Perhaps the Chinese need to look harder for a tree where a huge animal may have died and left extra nutrients for a long time. : -)
———————————————————————
Umm, maybe the Chinese just haven’t found a hockeystick tree.

ferd berple
May 15, 2012 6:01 pm

People generally try something, find something wrong, try something else, fix one problem, test something else, deal with whatever comes up next, examine the sensitivities, compare with other methods etc. etc.
======
There is a basic rule in statistics that you never do this.
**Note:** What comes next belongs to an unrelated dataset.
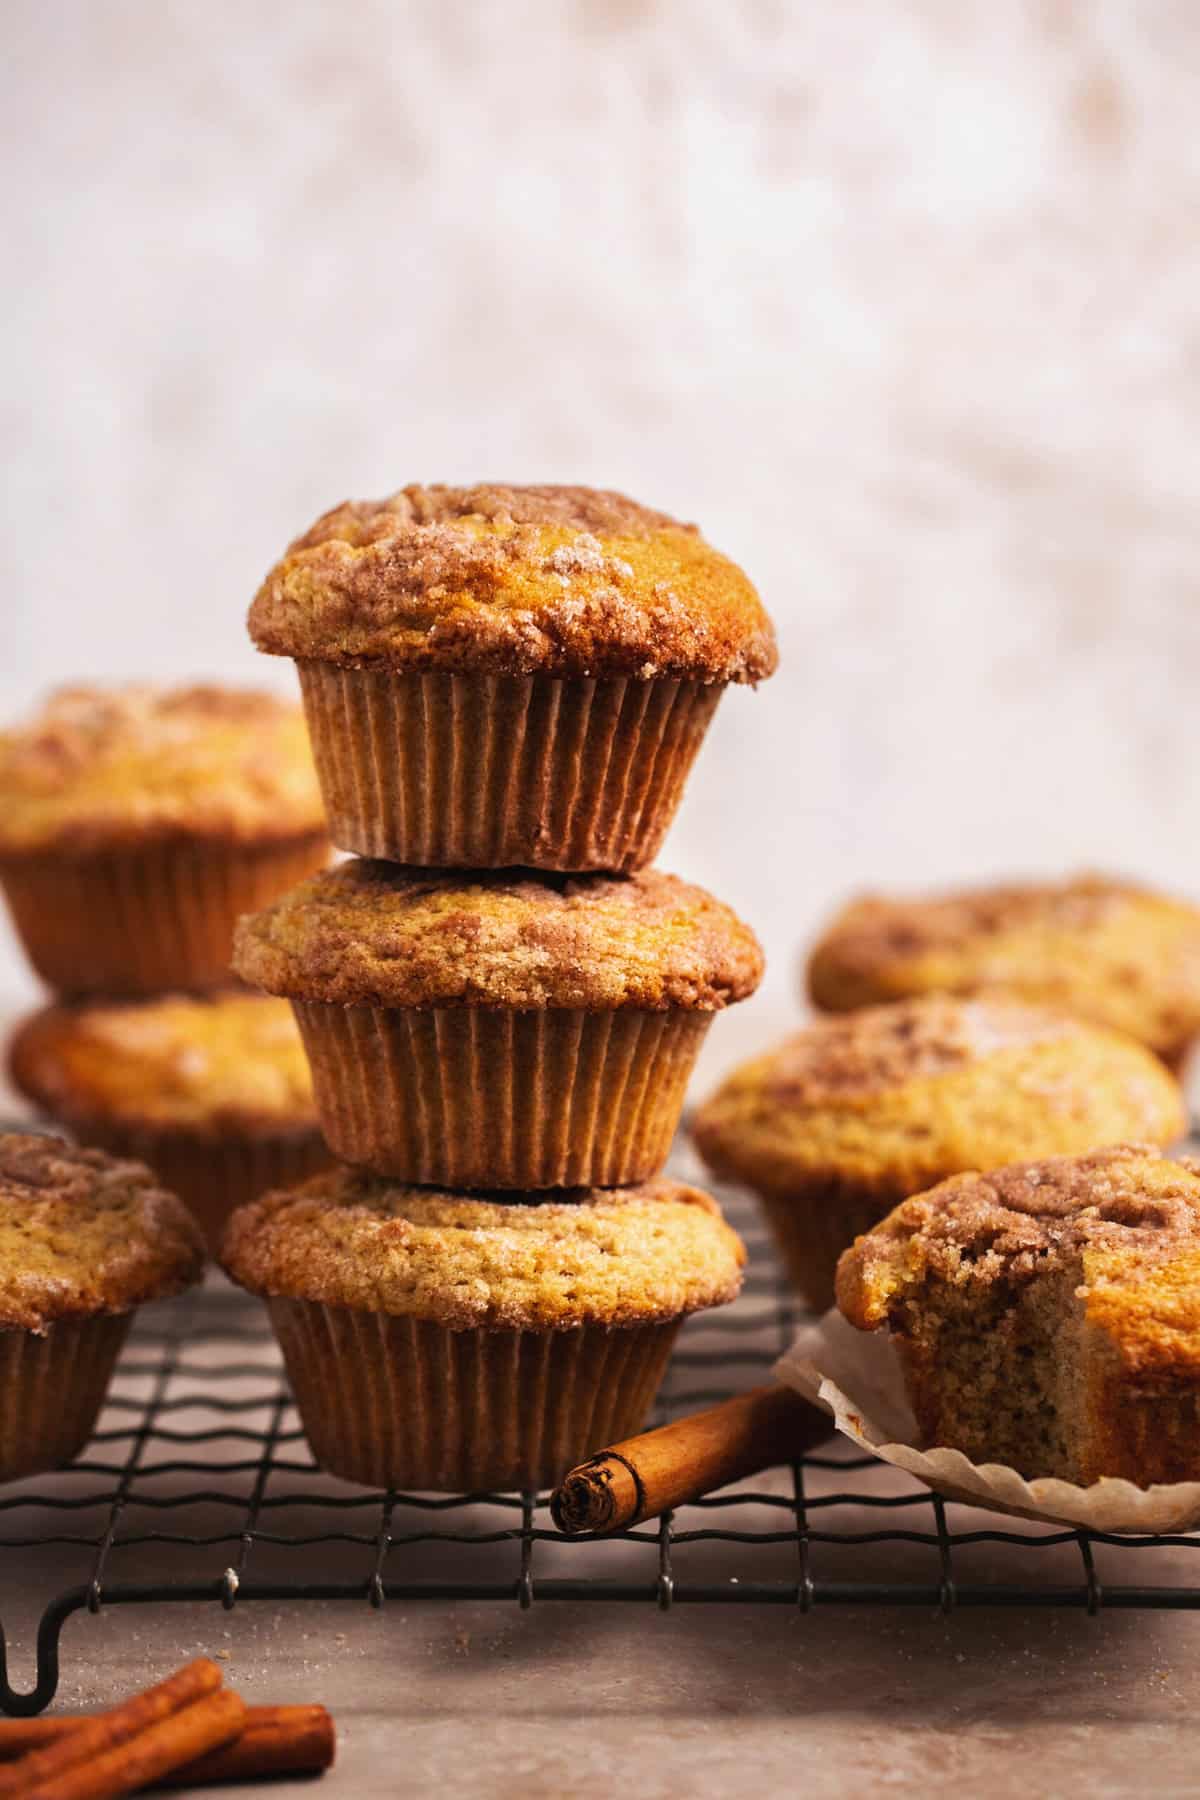 muffins stacked on cooling rack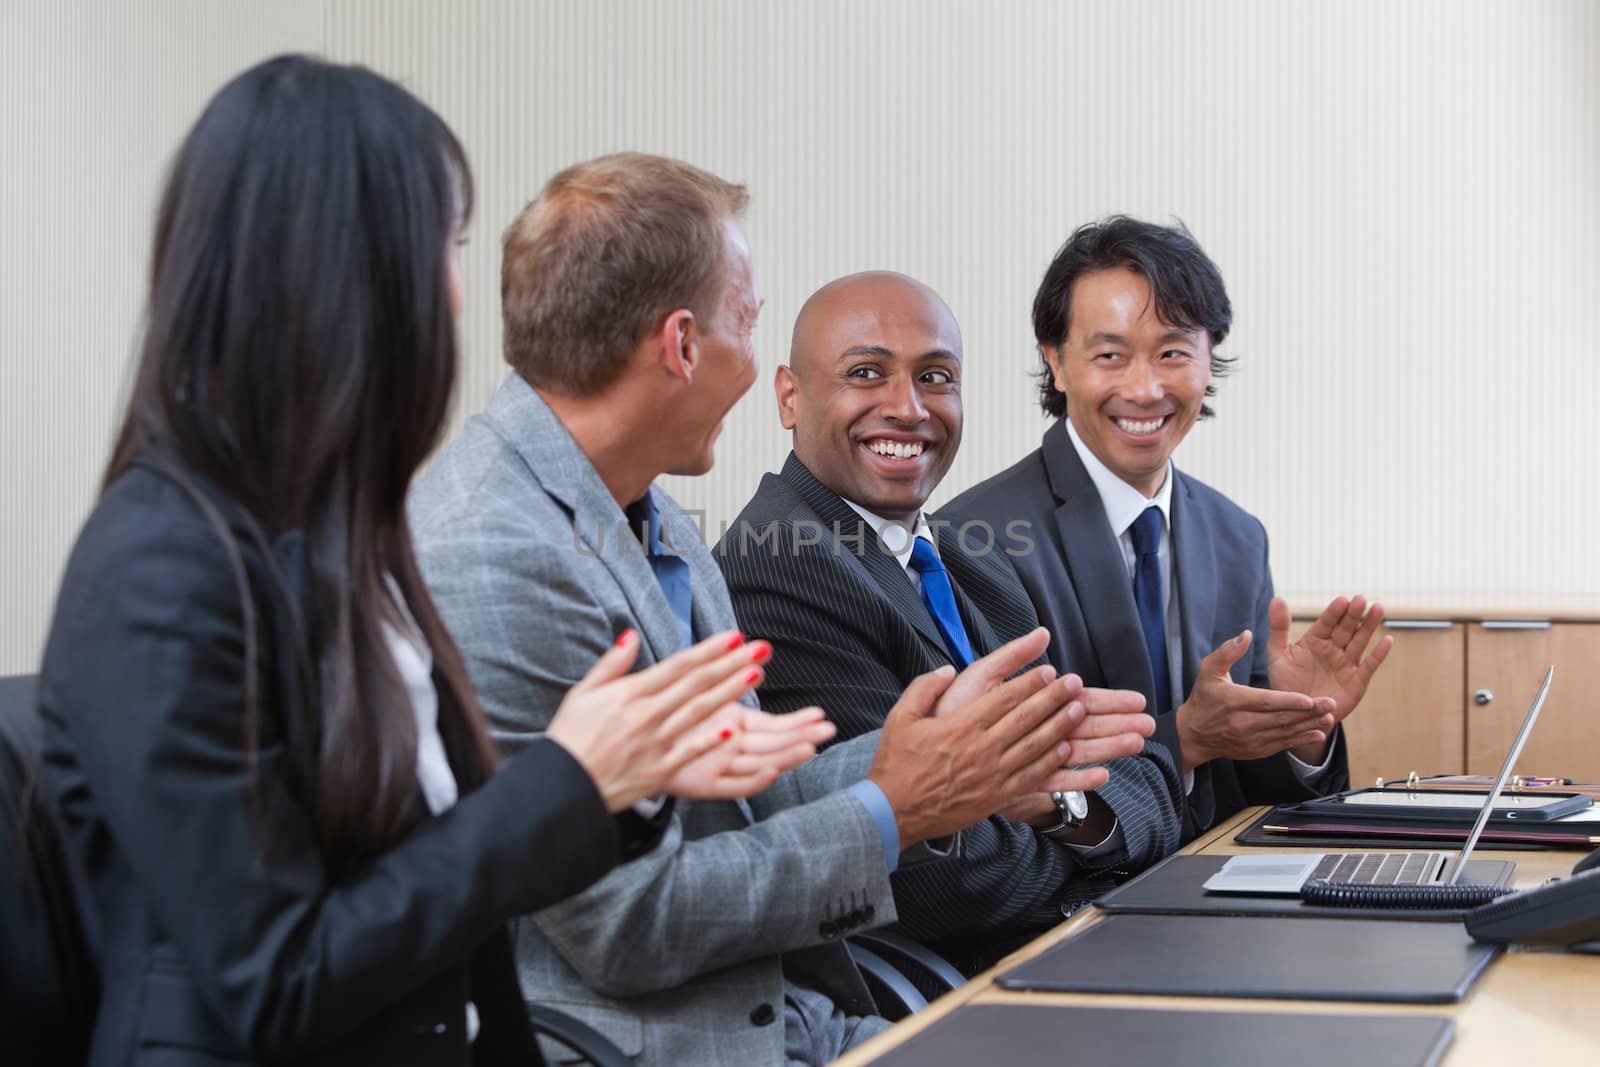 Professionals applauding during a business meeting by leaf

You choose your method ahead of time, otherwise the temptation is to simply cherry-pick the methodology until you get the answer you are looking for. So, if you are a researcher looking to prove warming, you will reject any statistical technique that doesn’t show warming, and only report those techniques that show warming.
That is simply cherry-picking your method instead of your data.

D.M.
May 15, 2012 6:36 pm

fred berple
“That is simply cherry-picking your method instead of your data.”
Or you’re honest and report the results of all the methods instead of just the one you finished up with pretending it’s the only option you tried. It’s called transparency.

May 15, 2012 6:51 pm

Briffa, Briffa, I know that name — wasn’t he the guy that sang ‘On the Trail of the Lonesome Pine’?